Another problem with ownership is the subtle roles expected of the one claimed. True, these roles may organise society, but they slowly suffocate intimacy. How can the husband who, out of misfortune, loses his job and, by extension, is not able to provide for his family, have a strong erection to make love? When roles dominate, love becomes mechanical. True love is not mechanical. Some households even schedule lovemaking as if it were some kind of chore. Instead of two conscious beings meeting each other freshly each day, marriage turns them into functions. Presence disappears, and performance remains. But Nature knows nothing of performance. A lion does not perform masculinity; a river does not perform femininity. They simply are. Only when a man and a woman meet each other from the core of their being can they actually build a beautiful relationship.

In all these, should marriage be abolished? No. There is no other institution that exposes one’s consciousness as the institution of marriage. Marriage is like a mirror. Wherever one’s faults are, they are exposed. It is a school of consciousness where one’s consciousness is expected to grow. But this only happens when one enters it consciously. When people enter marriage from a lower state of consciousness without an understanding of love, the marriage is expected to fail. Government cannot guarantee it, the Church or religious institutions cannot guarantee it.
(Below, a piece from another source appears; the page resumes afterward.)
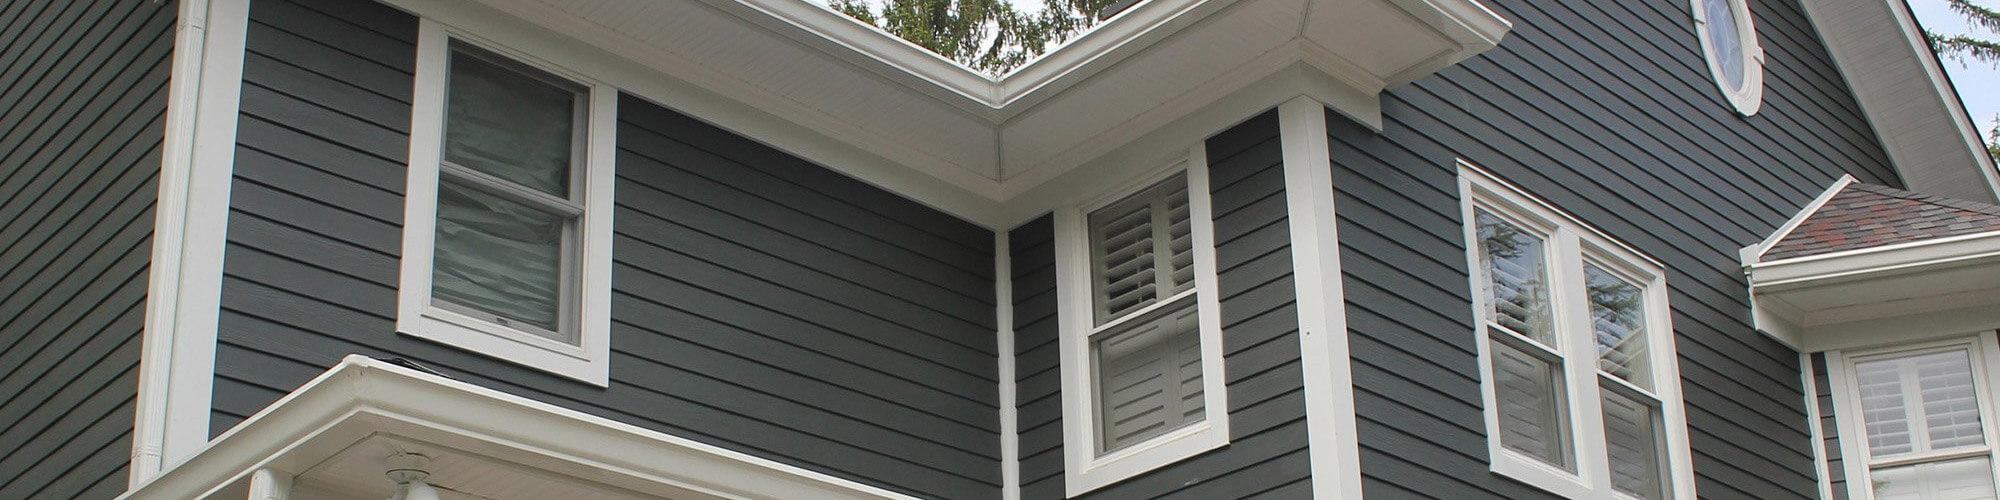 Wooden window installation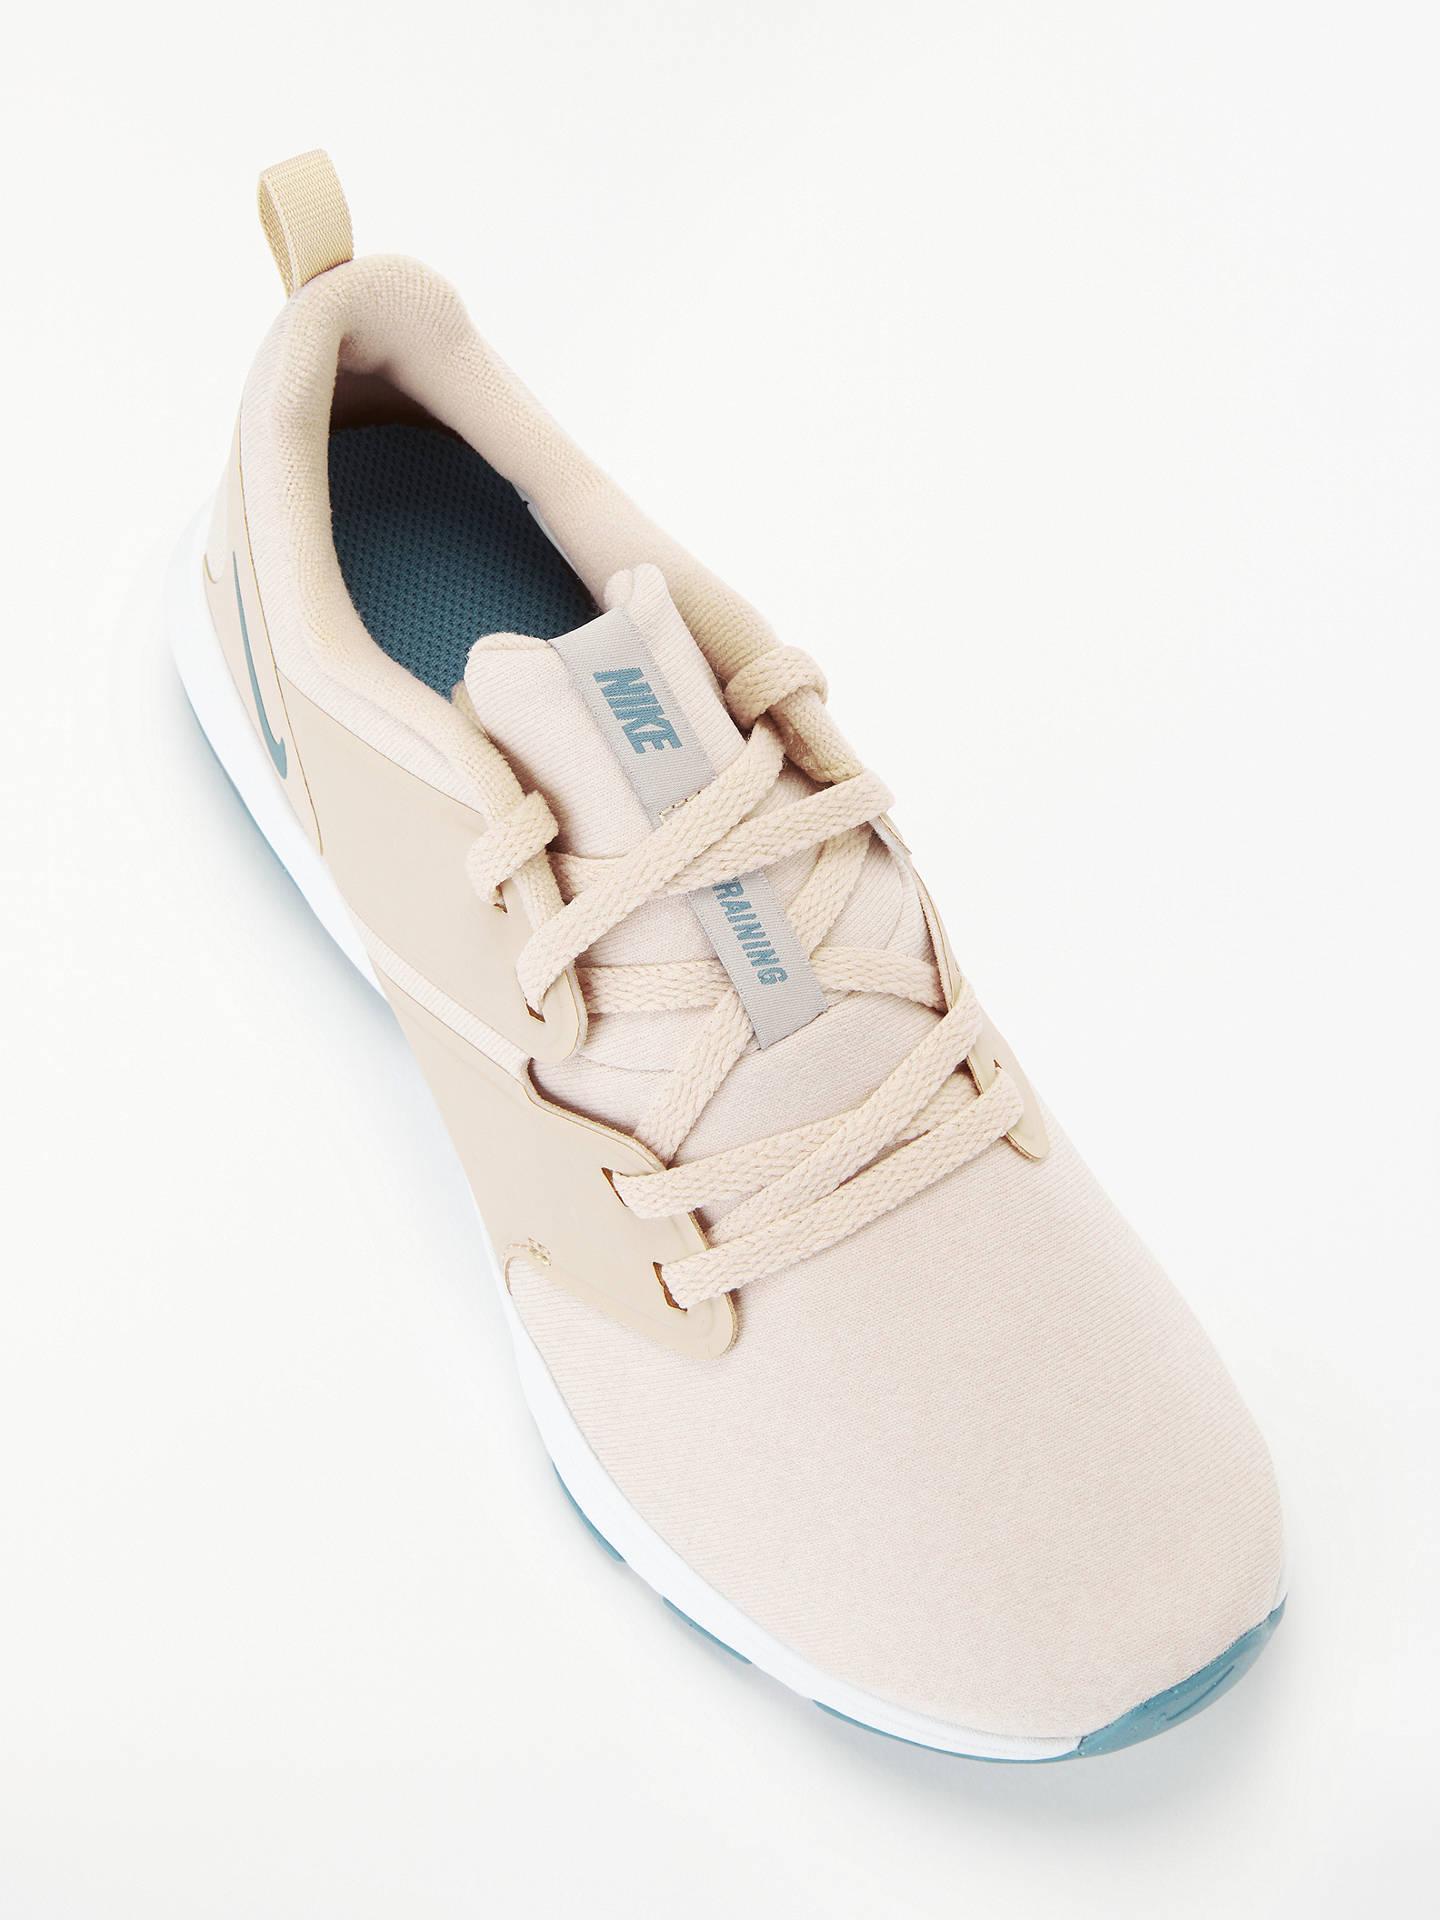 ... BuyNike Air Bella TR Women s Training Shoes 4ad794797efb9

For the enlightened beings, marriage is not salvation. It is a mirror. It shows one if one is still asleep, attached, or afraid. The enlightened being does not cling to marriage, nor does he reject it. He simply refuses illusions. If he enters marriage, he does so without ownership. Without expectations and without fear. He remains a free man who chooses connection daily, not because of a contract but because of truth.

In conclusion, what is alive cannot be owned. What is real cannot be forced, and just like the sun, what is true does not need permission.

Still, the question remains. Is marriage worth it, considering the increasing rate of divorce and the psychological damage it is inflicting on children?